One of the changes made in the new tax law championed by Trump is limiting the credit to fuel made with North American ingredients like U.S. soybeans. That's a major point of contention with some biofuel makers who argue the rule will narrow the marketplace for feedstocks and hurt the industry and possibly cause higher costs for consumers. 

A limit on foreign biofuel feedstocks is also part of the EPA's proposed biofuel-blending rules that still must finalized. 

The domestic biomass-based diesel industry, which drives about 50% of demand for soy oil produced in the U.S., is currently operating at roughly between 60%-70% of capacity, according to Kovarik. Smaller fuel producers in particular are struggling to figure out if they can even claim the 45Z credit given the only guidance out there, issued days before then President Joe Biden left office, is incomplete. 
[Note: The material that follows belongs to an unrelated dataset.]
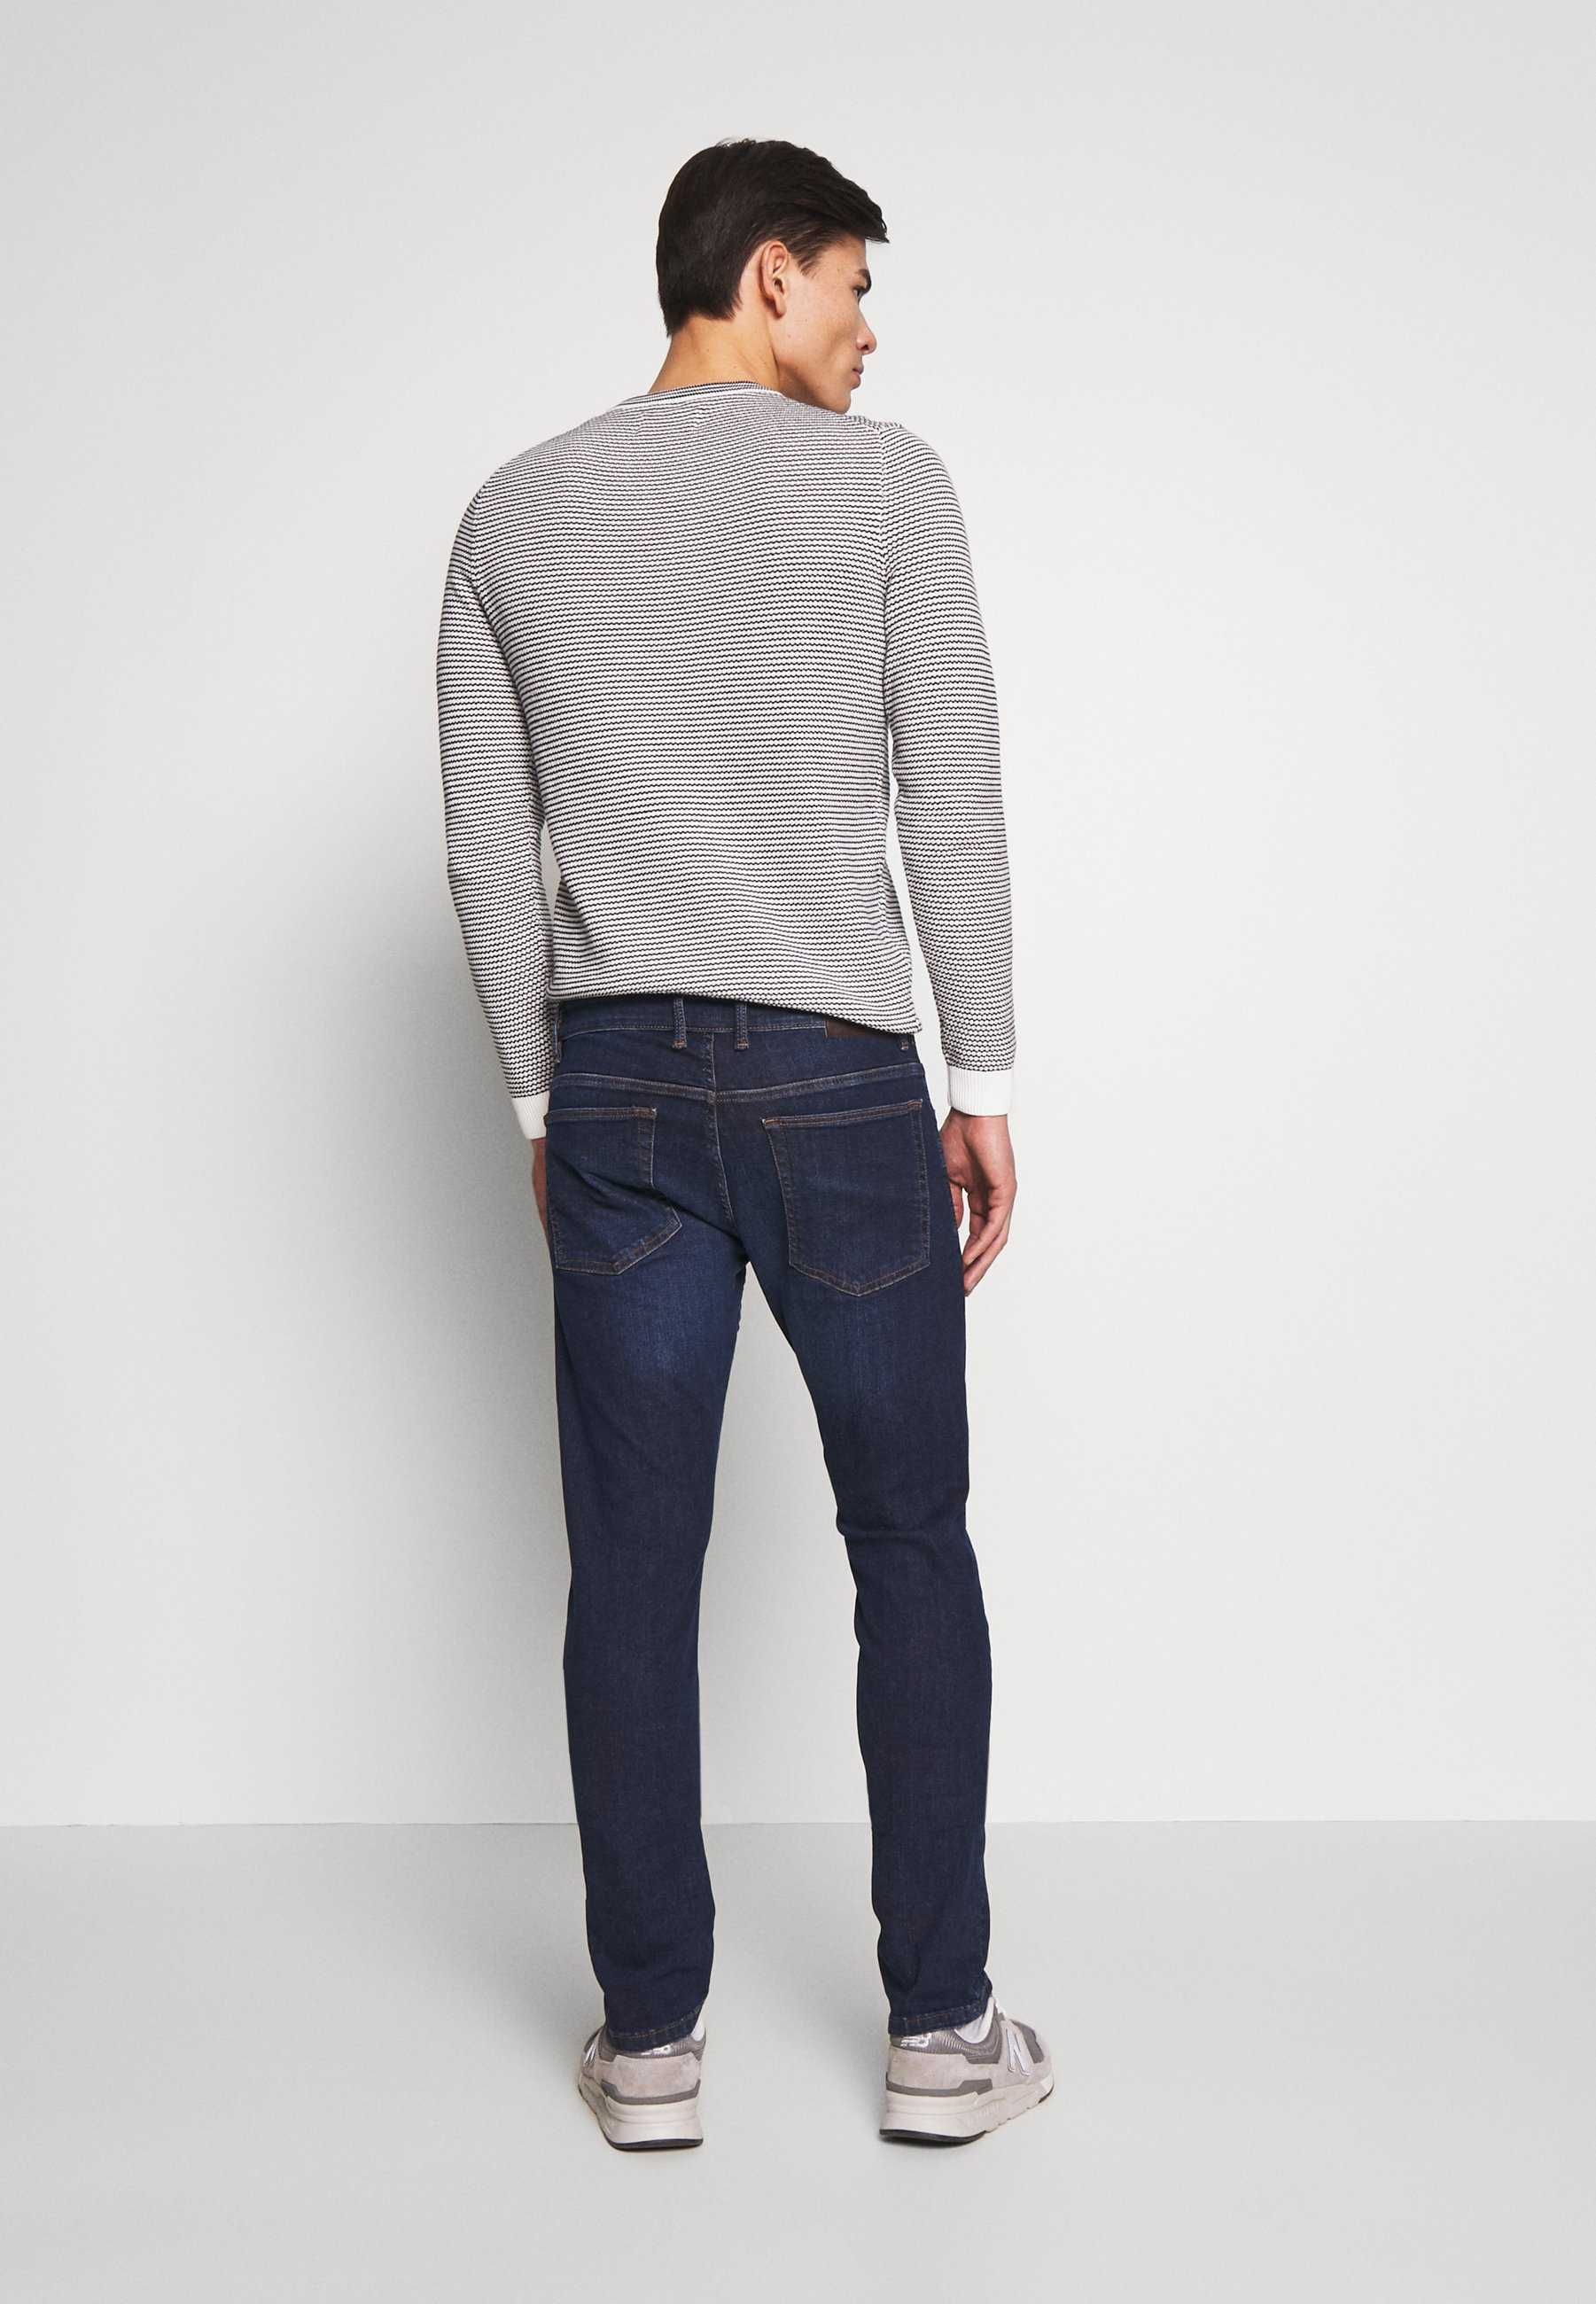 QS by s.Oliver Jeansy Slim Fit dark-blue denim spodnie jeansowe dżinsy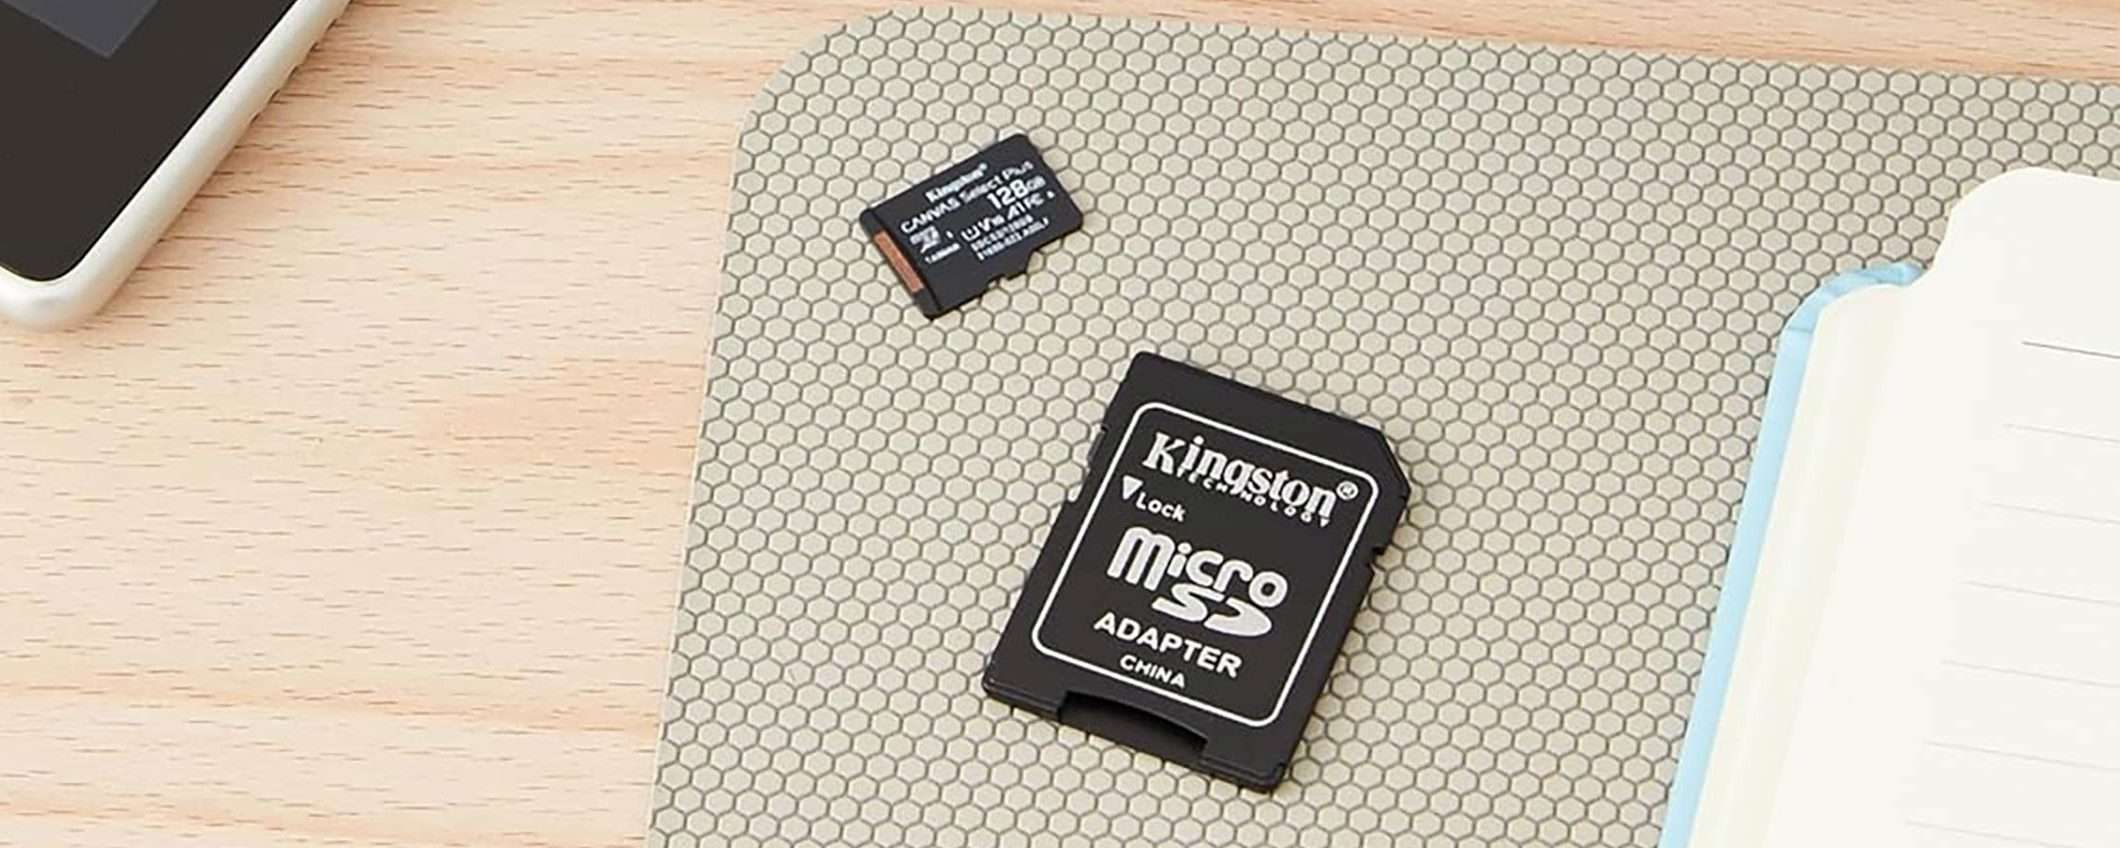 Kingston, microSD 128 GB: PREZZO STRACCIATO su Amazon

"Tax lawyers and accounting firms are having a hard time writing opinions as to whether or not someone is eligible for 45Z because they aren’t sure if the guidance has enough authority," said Tim Urban, who leads the tax policy practice of lobbying firm Bracewell in Washington. 

Meanwhile, farmers are facing a perfect storm of headwinds and need certainty, said National Oilseed Processors Association President and CEO Devin Mogler. 

"The China market is closed off, and they’ve got a big crop coming," he said. "And it’s dry at harvest, so it’s going quickly and the bushels are piling up."